• **REQUIRED WORK**
Pictures excluded, set down exactly the lines from the one containing "El laboratorio molecular" through the final line of the material, and only those.

___ DATASET EXCERPT ___

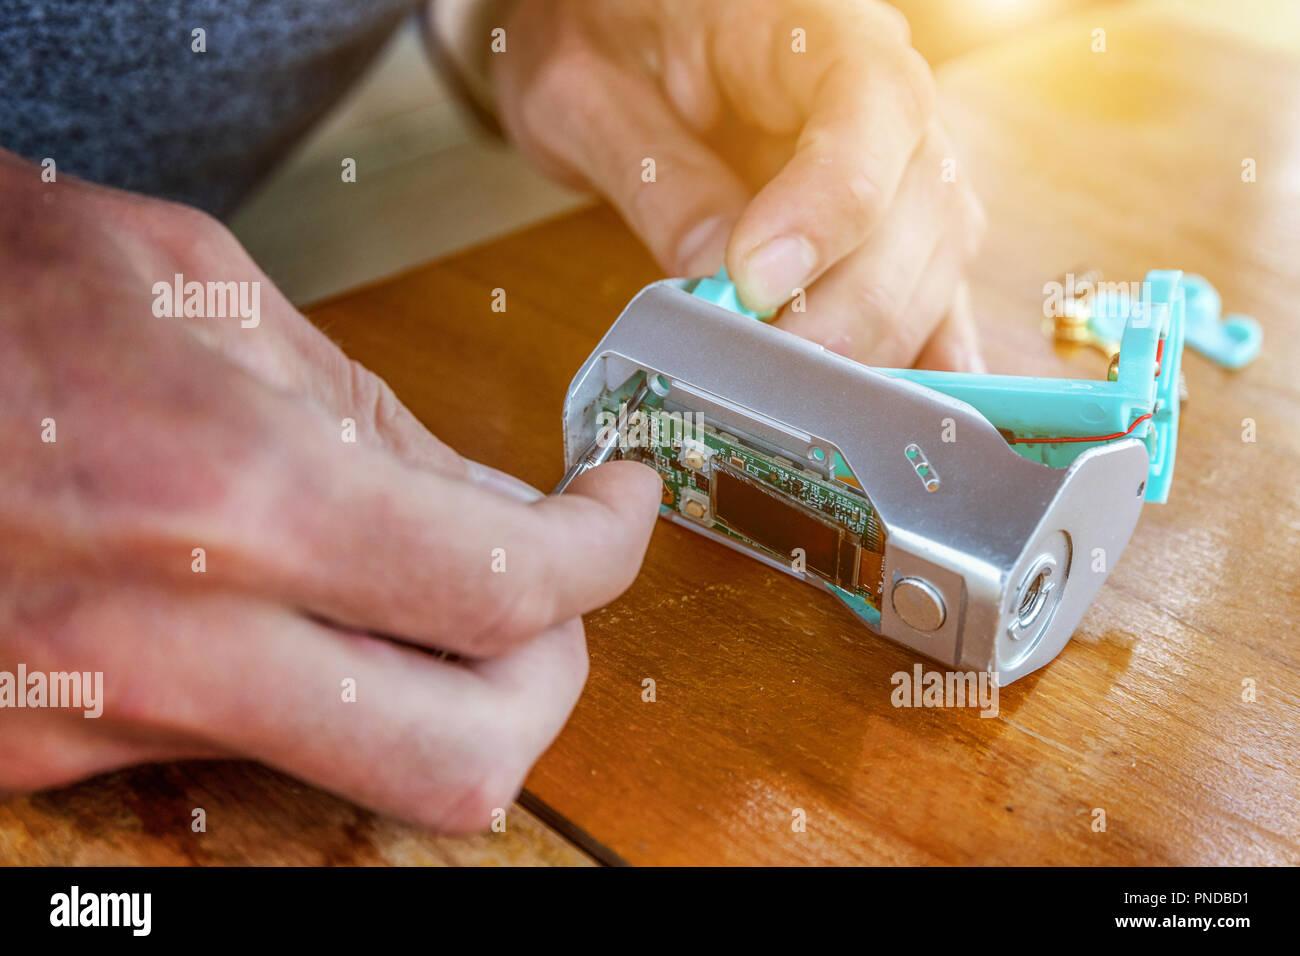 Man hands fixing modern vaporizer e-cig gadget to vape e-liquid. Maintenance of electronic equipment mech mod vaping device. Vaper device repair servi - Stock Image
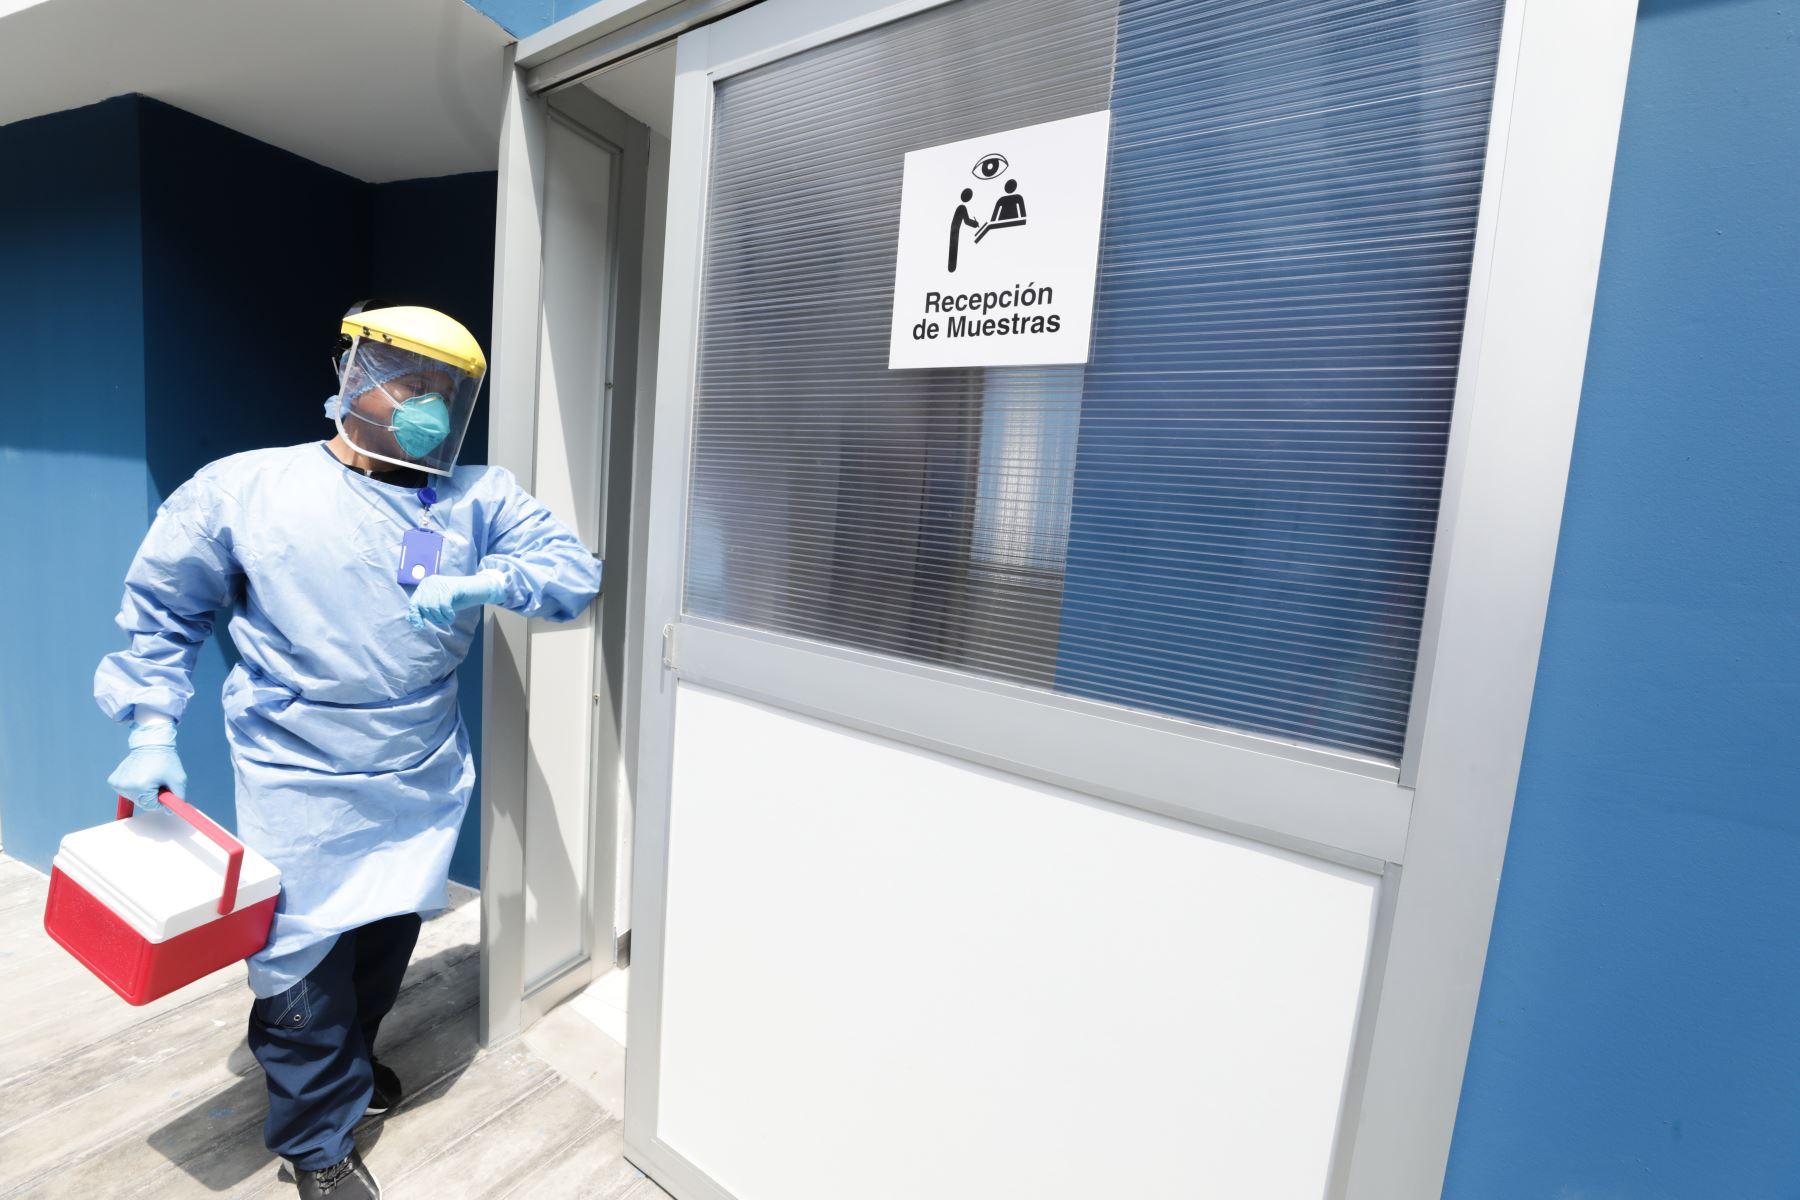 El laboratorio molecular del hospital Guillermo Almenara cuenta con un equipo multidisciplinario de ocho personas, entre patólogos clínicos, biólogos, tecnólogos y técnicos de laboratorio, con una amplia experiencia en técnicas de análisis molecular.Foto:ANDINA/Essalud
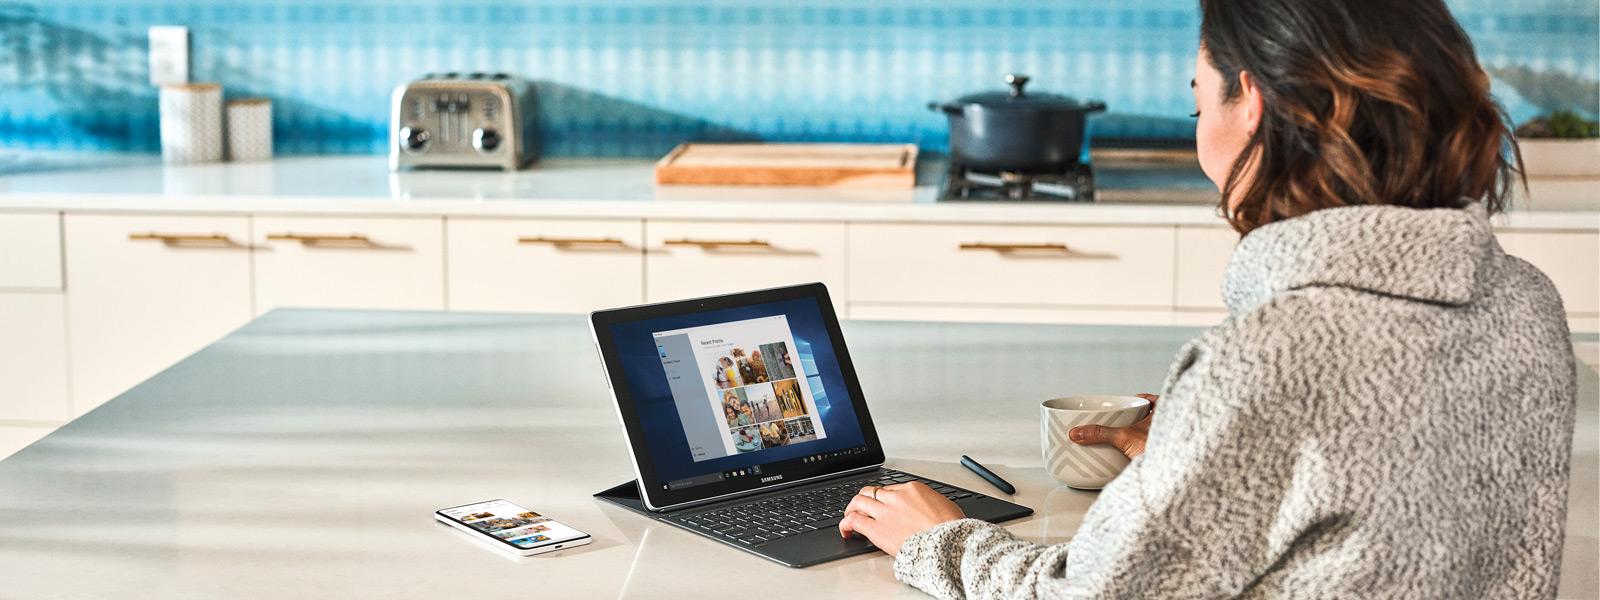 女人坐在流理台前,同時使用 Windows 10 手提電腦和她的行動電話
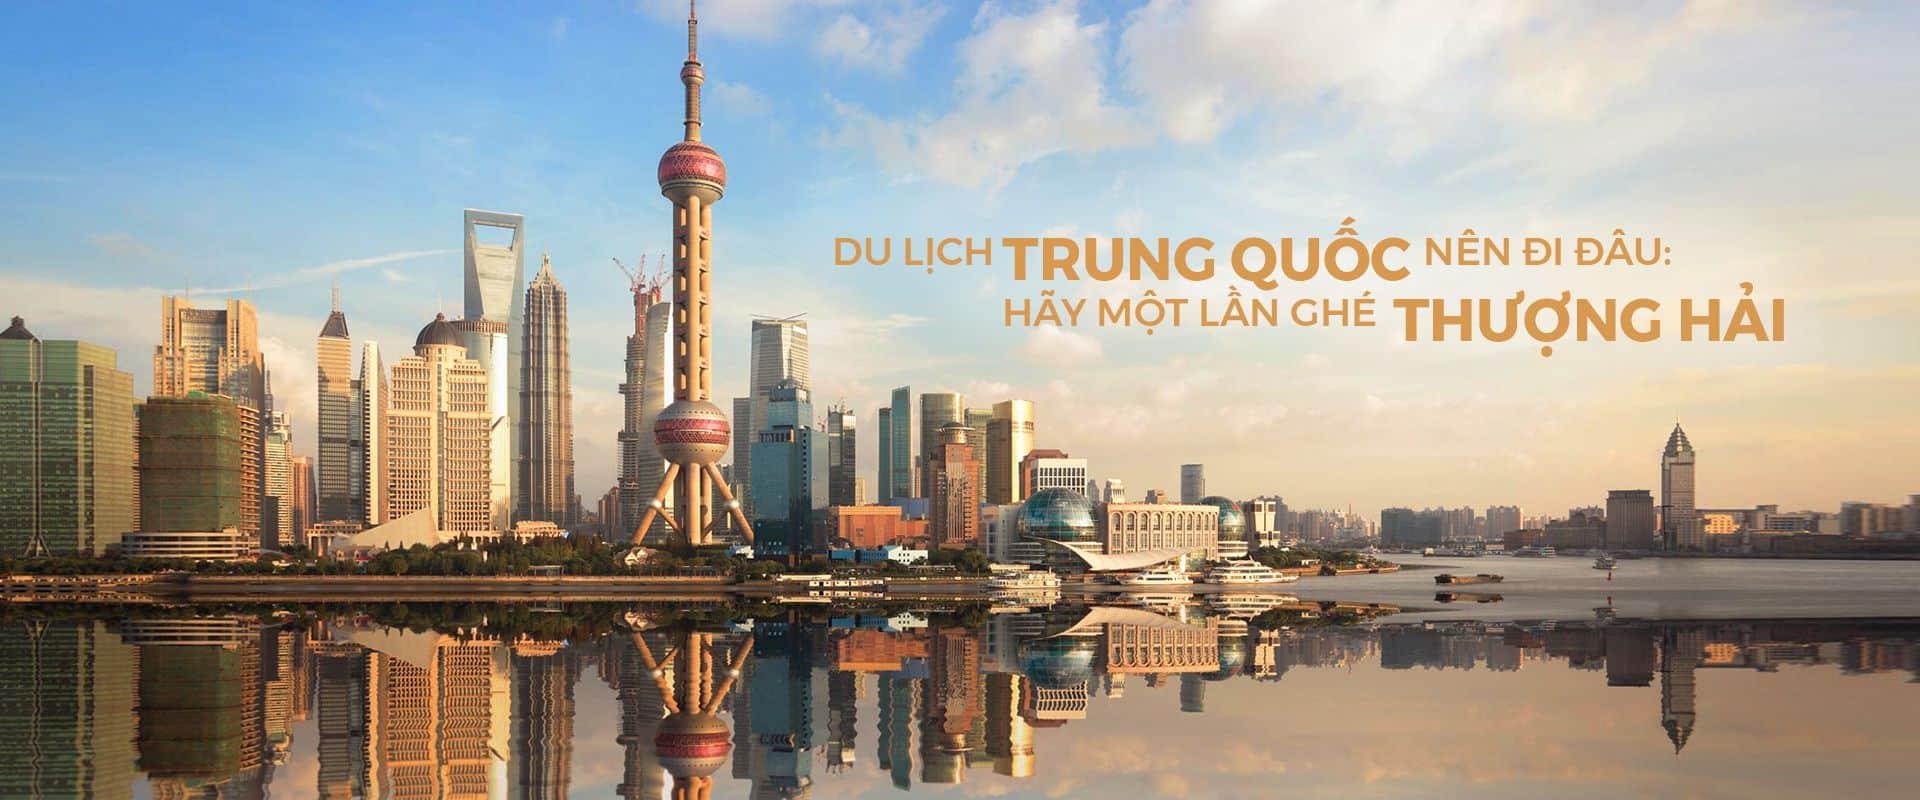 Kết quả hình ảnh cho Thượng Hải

___

• **TASK SOLUTION**
 El laboratorio molecular del hospital Guillermo Almenara cuenta con un equipo multidisciplinario de ocho personas, entre patólogos clínicos, biólogos, tecnólogos y técnicos de laboratorio, con una amplia experiencia en técnicas de análisis molecular.Foto:ANDINA/Essalud
 女人坐在流理台前,同時使用 Windows 10 手提電腦和她的行動電話
 Kết quả hình ảnh cho Thượng Hải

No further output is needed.